Closed CharlesAverill closed 4 years ago
Hi @CharlesAverill, sorry for the delay in answering this question. The output shape of the model is [number of characters] x [number of classes]. So each character is assigned something like "street number", or "suburb", etc., and characters of the same class are grouped when generating the final output. By the way, if you make your keras implementation public, let me know; I'd love to take a look at your approach.
@jasonrig
Very basic Keras implementation here: https://github.com/CharlesAverill/Address-Atomization
My public code is usually much cleaner but this went straight to a client. It seems to work pretty well with generated data. If it generates enough interest I'll clean it up and package it for pip use. I really just did the Keras implementation because I find it much easier to understand than anything in TF.

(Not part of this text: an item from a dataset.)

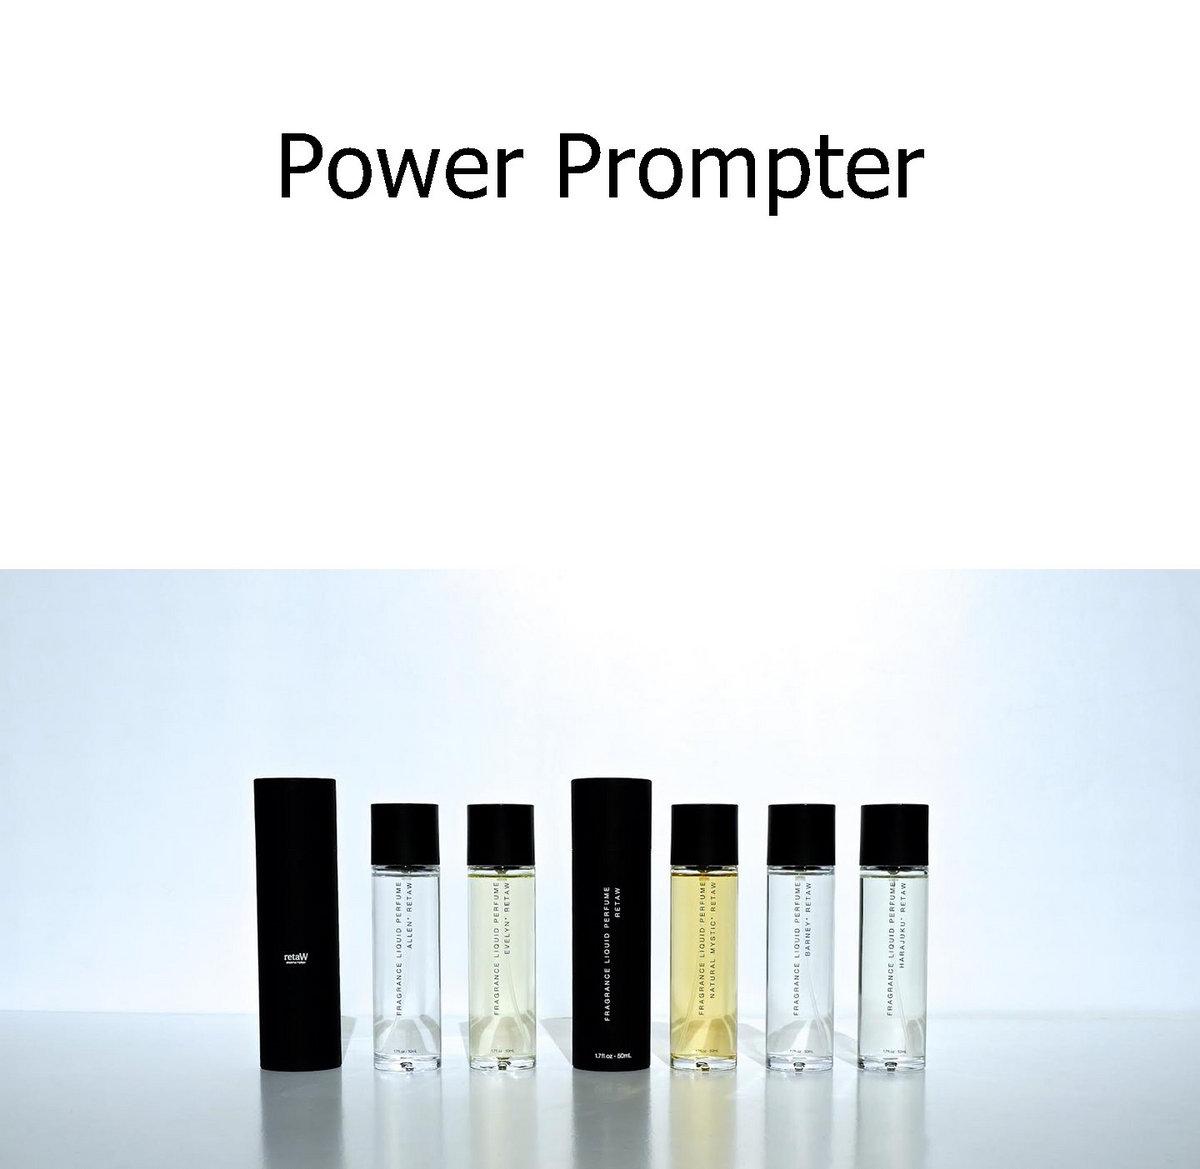 デスクトップ用 Power Prompter 3 0 3 をダウンロードすることに

@CharlesAverill I ran your code with a simple address set of my own (the address labels are different than what is in the code). It produces a .h5 file and saves to disk. Now how to load and use this model to predict a string of adddress? Can you please help with an example. It will be great. thanks.

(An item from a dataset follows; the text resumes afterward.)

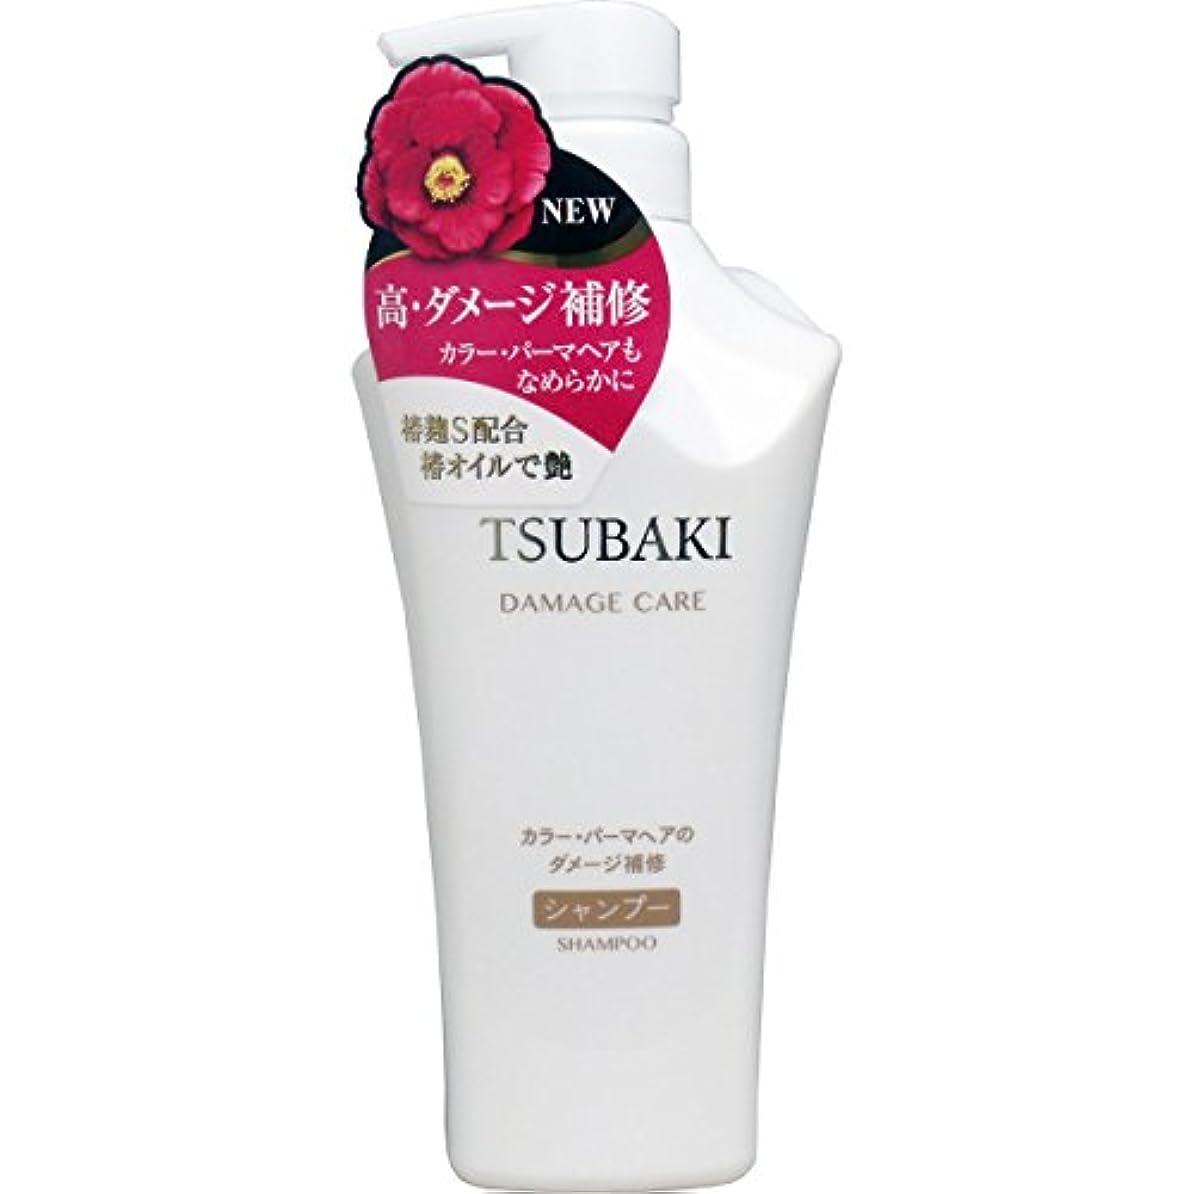 消去観光式TSUBAKIダメージケアシャンプー ジャンボサイズ × 3個セット

@narasimhankrishna I think I still have a loading script (but no promises lol), I’ll commit it tomorrow morning CST
@narasimhankrishna So it looks like I actually don't have my loading script anymore. But I believe it mainly comprised of these lines from the training script:
i = random.randint(0, len(X_test))
p = model.predict(np.array([X_test[i]]))
p = np.argmax(p, axis=-1)
print("{:15} ({:5}): {}".format("Word", "True", "Pred"))
for w, pred in zip(X_test[i], p[0]):
print("{:15}: {}".format(words[w], tags[pred]))
Obviously you'll need to load the .h5, then format the address you'd like to atomize as a numpy array in the same format as your training data. I think you'll also need a words list, which I think should contain any words you expect to see while using the model. Not 100% sure because I haven't seen this code in months. Sorry about that. Good luck!
Thank you for your instant response. I will try as you indicated. best regards
I'm trying to re-implement this in Keras. What's the output shape for this model? Does it output the indeces around text that falls in each category, or something completely different?